C. Potions Homework
time limit per test
1 second
memory limit per test
256 megabytes
input
standard input
output
standard output

Harry Water, Ronaldo, Her-my-oh-knee and their friends have started a new school year at their MDCS School of Speechcraft and Misery. At the time, they are very happy to have seen each other after a long time. The sun is shining, birds are singing, flowers are blooming, and their Potions class teacher, professor Snipe is sulky as usual. Due to his angst fueled by disappointment in his own life, he has given them a lot of homework in Potions class.

Each of the n students has been assigned a single task.

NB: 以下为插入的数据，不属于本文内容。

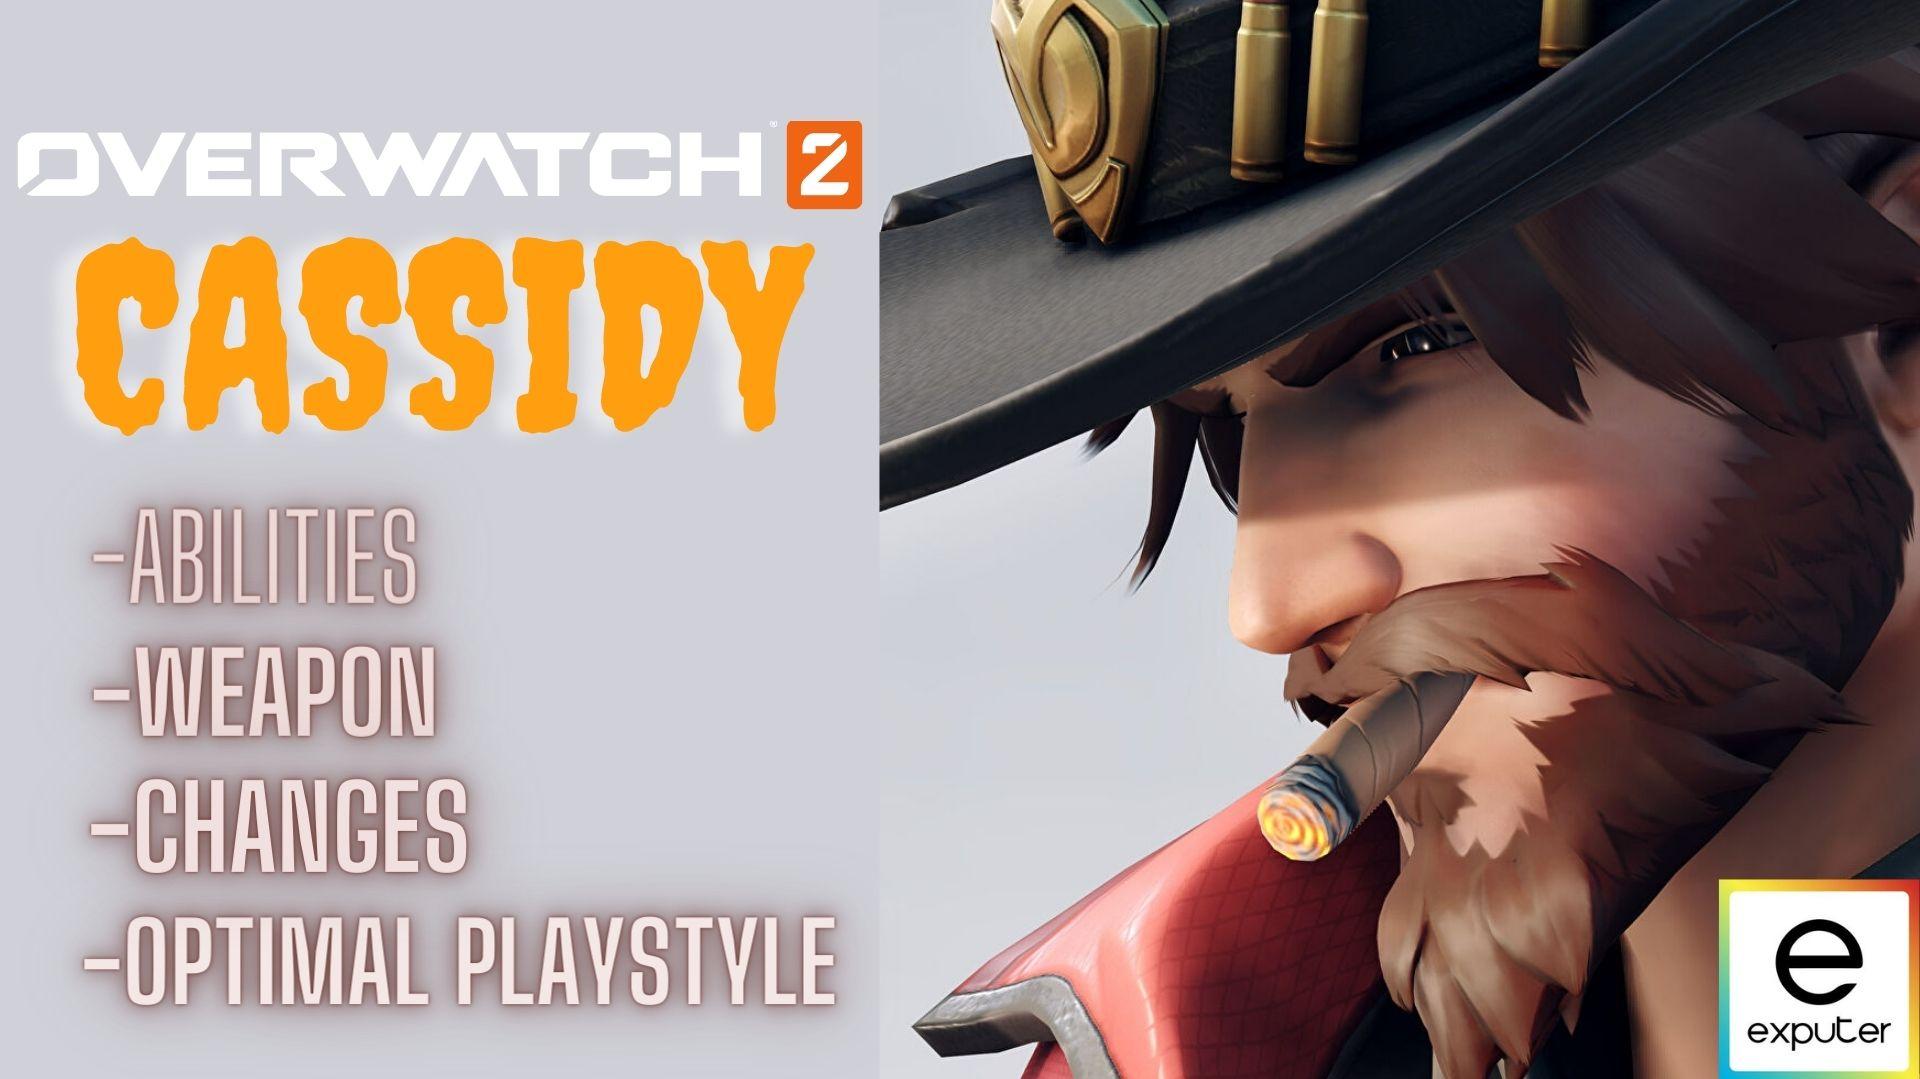 Overwatch Cassidy Abilities Changes Playstyle Exputer

Some students do certain tasks faster than others. Thus, they want to redistribute the tasks so that each student still does exactly one task, and that all tasks are finished. Each student has their own laziness level, and each task has its own difficulty level. Professor Snipe is trying hard to improve their work ethics, so each student’s laziness level is equal to their task’s difficulty level. Both sets of values are given by the sequence a, where ai represents both the laziness level of the i-th student and the difficulty of his task.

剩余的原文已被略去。